> Information shown:
►

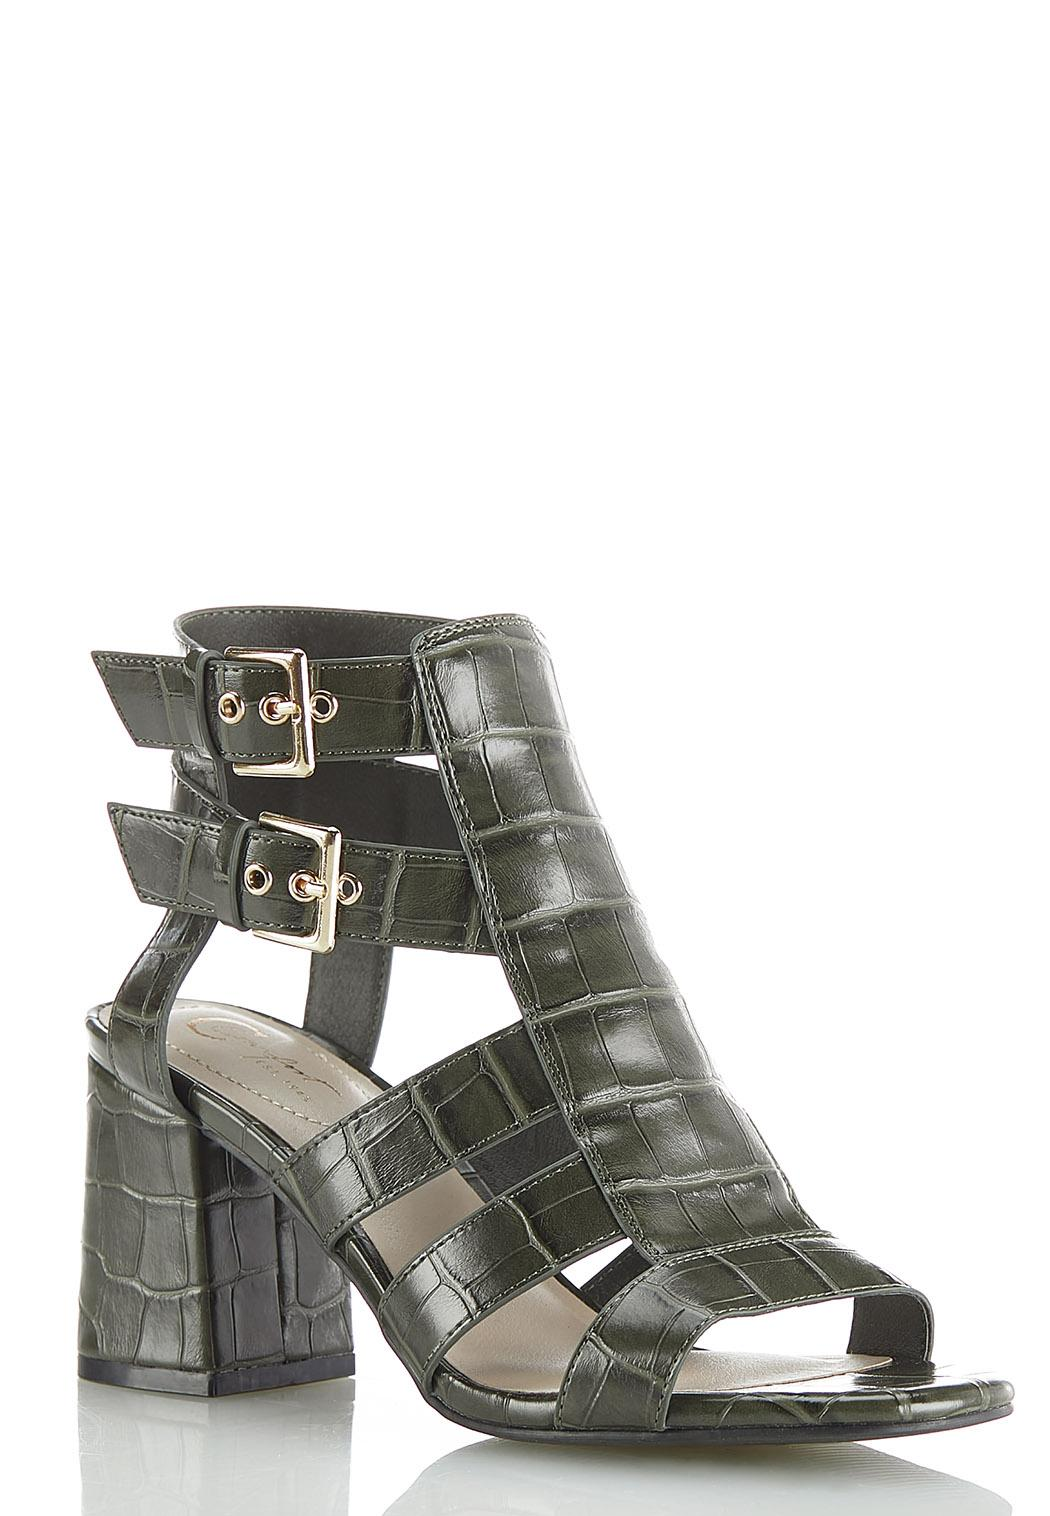 Croc Double Buckle Heeled Sandals
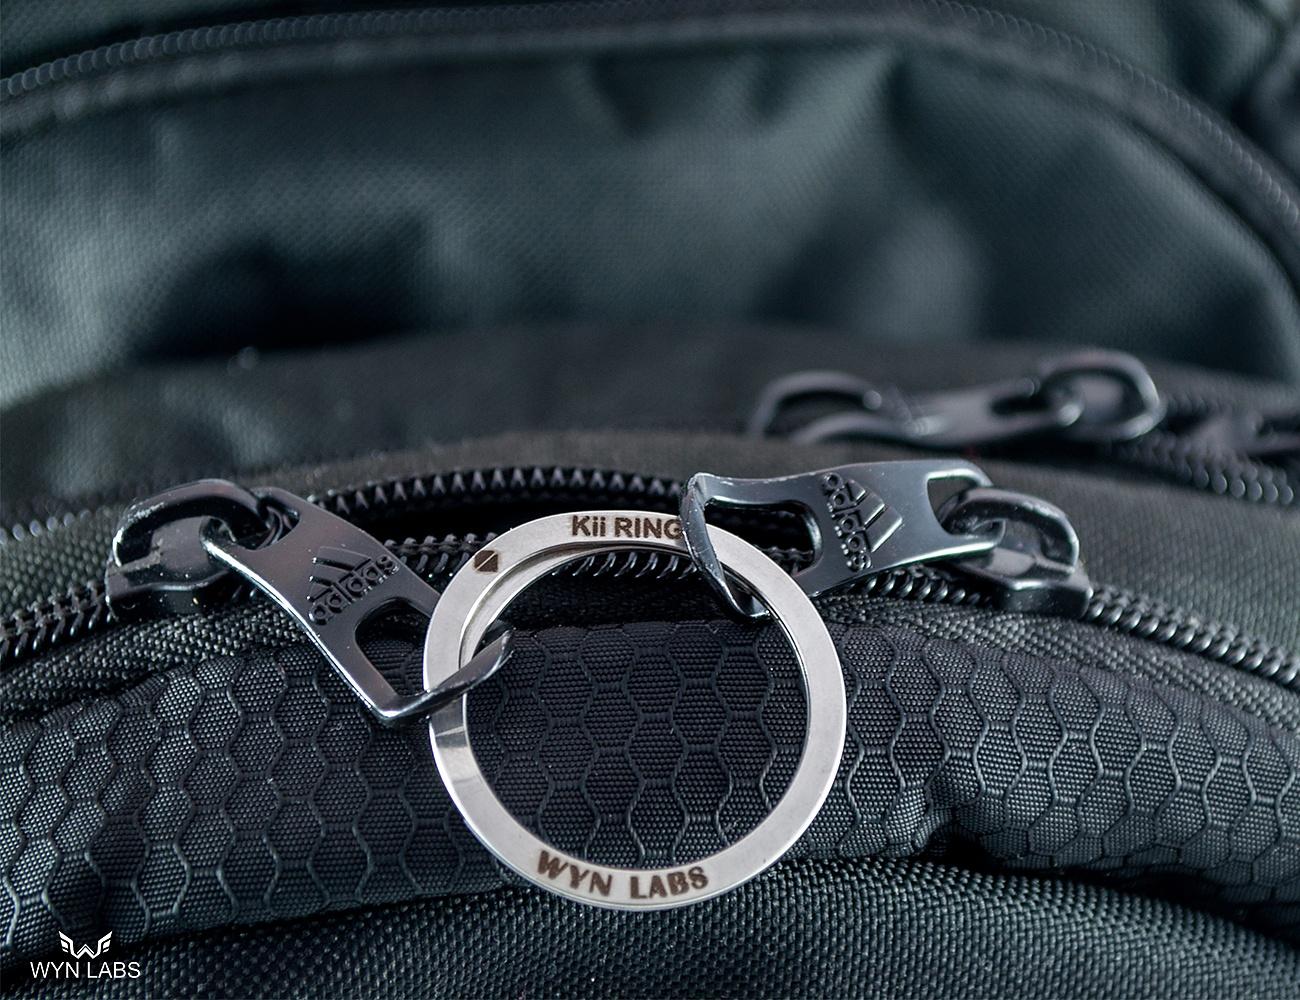 Kii RING – An Effortless Key Ring
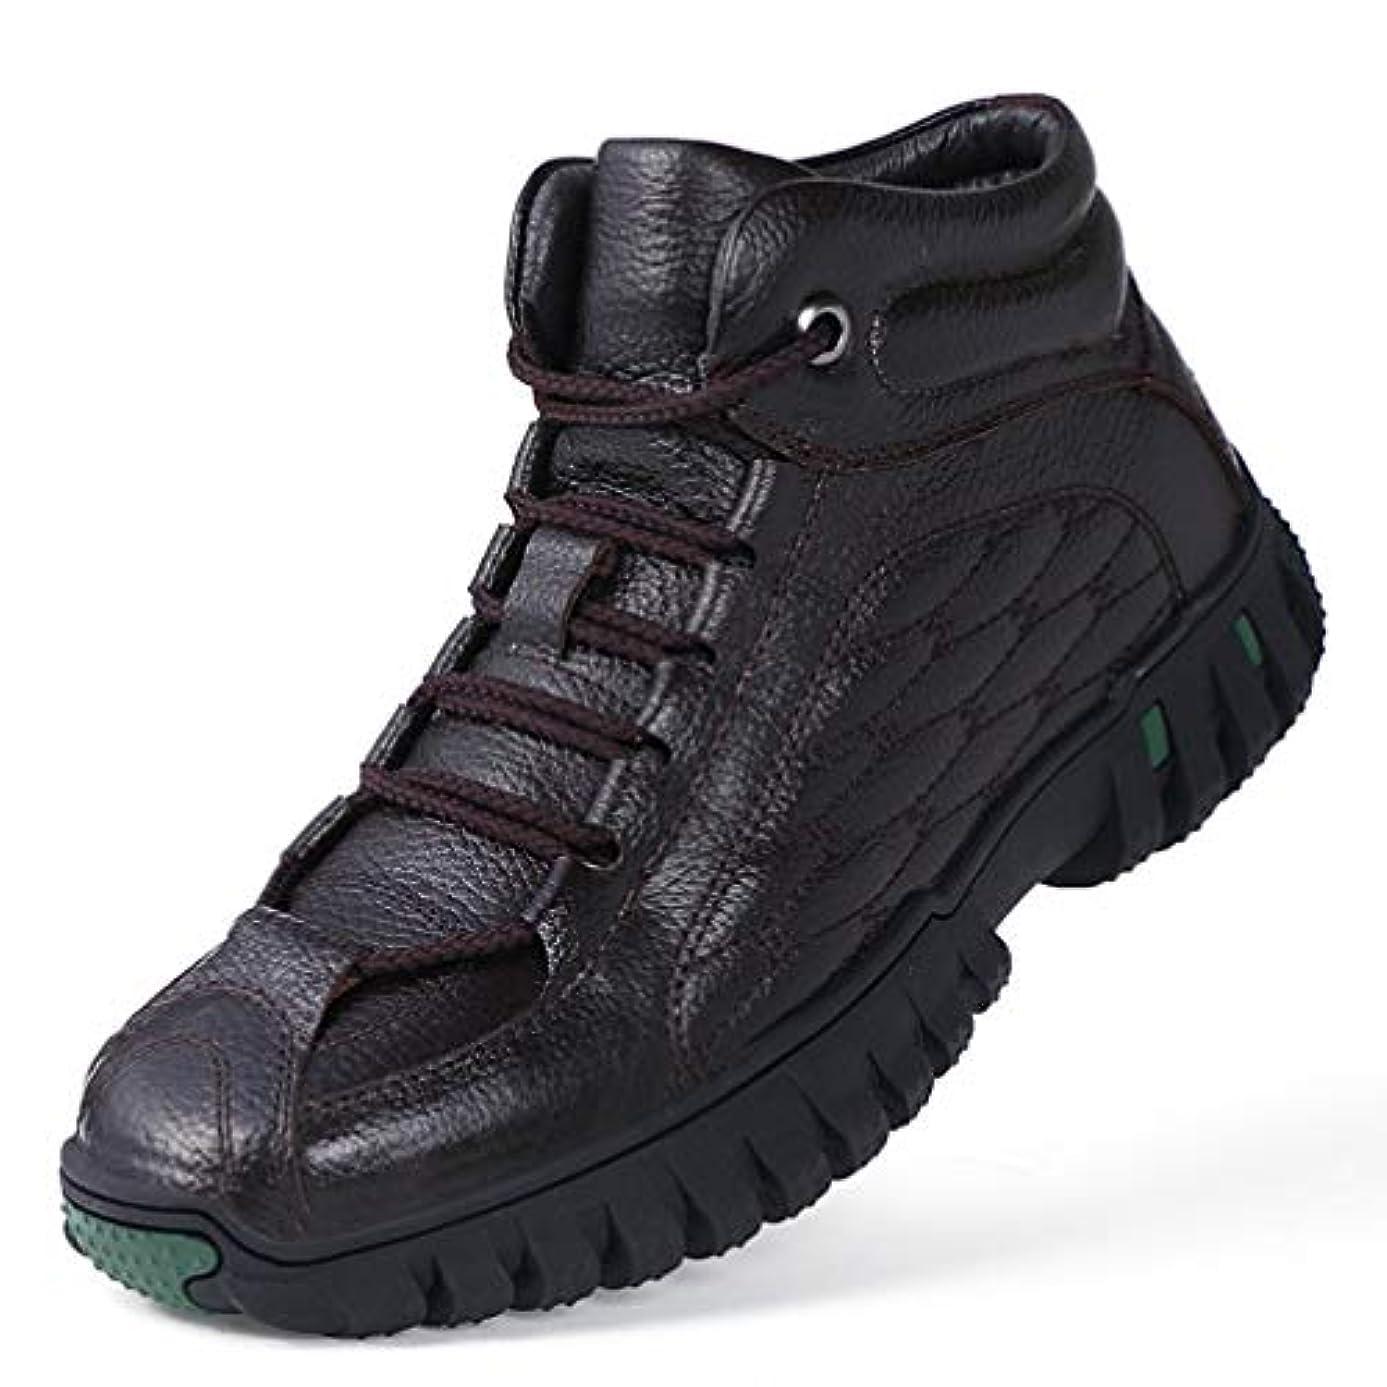 同等の再開認める大きいサイズ ハイキングシューズ 登山靴 メンズ トレッキング 防水 防滑 防寒 通気性 軽い 耐磨耗 アウトドア ウォーキング レースアップ ハイカット 黒 プラスベルベット 26.5cm

◄

> Exercise details:
Except for the pictures, give the data again word for word.

> Solution for this task:
 Croc Double Buckle Heeled Sandals
 Kii RING – An Effortless Key Ring
 同等の再開認める大きいサイズ ハイキングシューズ 登山靴 メンズ トレッキング 防水 防滑 防寒 通気性 軽い 耐磨耗 アウトドア ウォーキング レースアップ ハイカット 黒 プラスベルベット 26.5cm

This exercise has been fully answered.